• _Problem statement_: The listing, minus its pictures, is to be given again exactly.

• _Exercise data_:
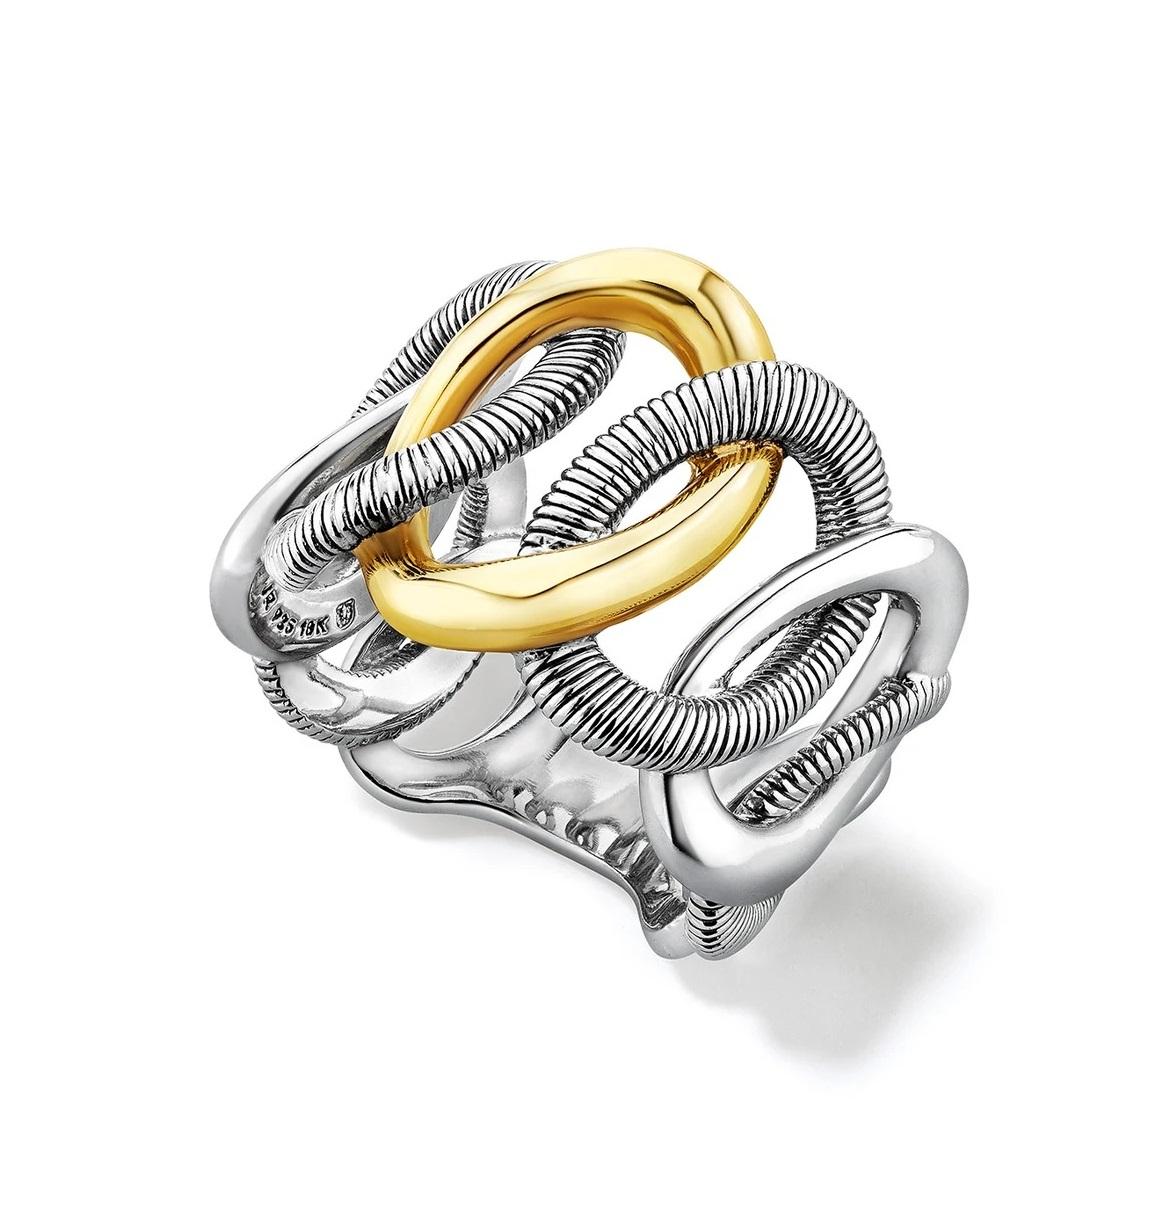 Our Eternity Interlocking Link Band Ring explores a variety of the textures, woven together in a shape that represents the bond of love that is both infinite and everlasting.

Sterling Silver with 18K Gold
Width: ¾
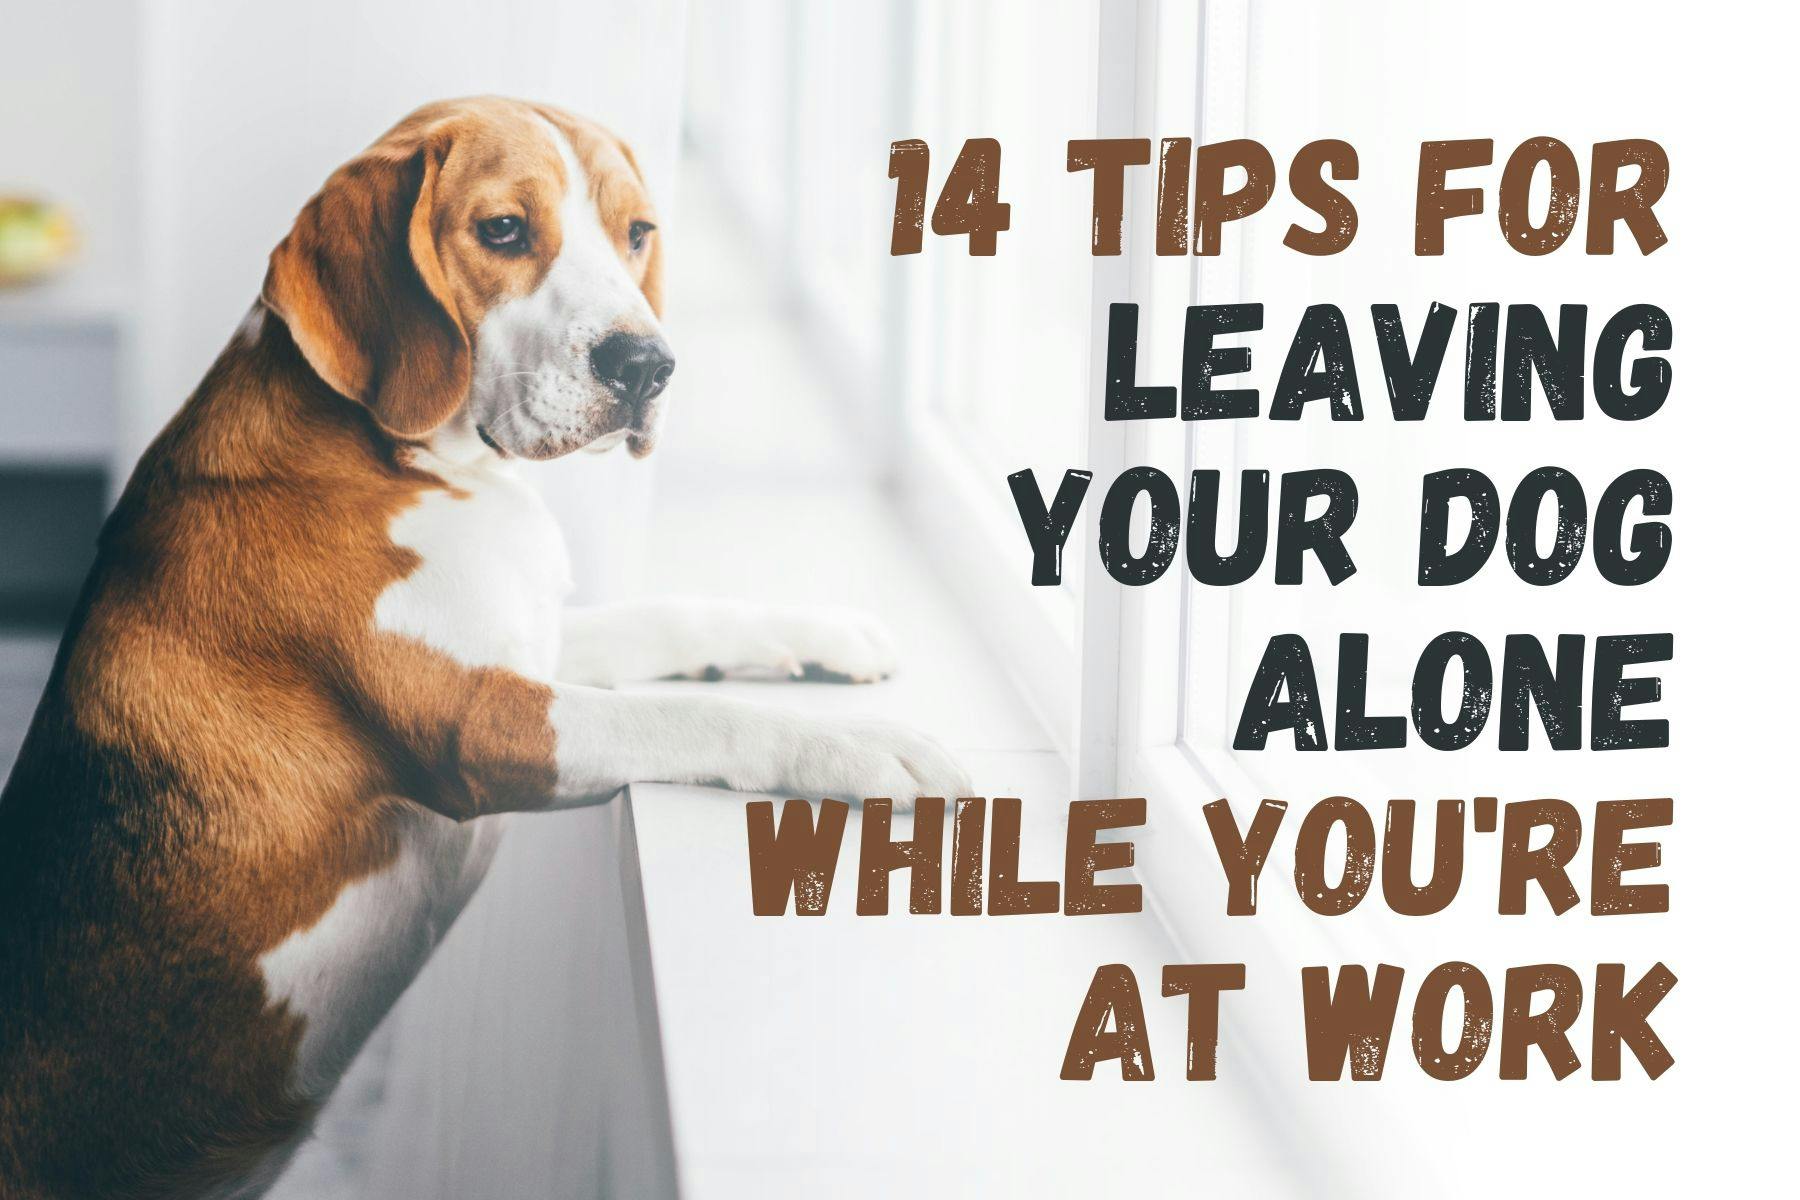 How to Leave Your Dog Alone at Home While You're Working: 14 Helpful Tips

• _Answer to the problem_:
 Our Eternity Interlocking Link Band Ring explores a variety of the textures, woven together in a shape that represents the bond of love that is both infinite and everlasting.

Sterling Silver with 18K Gold
Width: ¾
 How to Leave Your Dog Alone at Home While You're Working: 14 Helpful Tips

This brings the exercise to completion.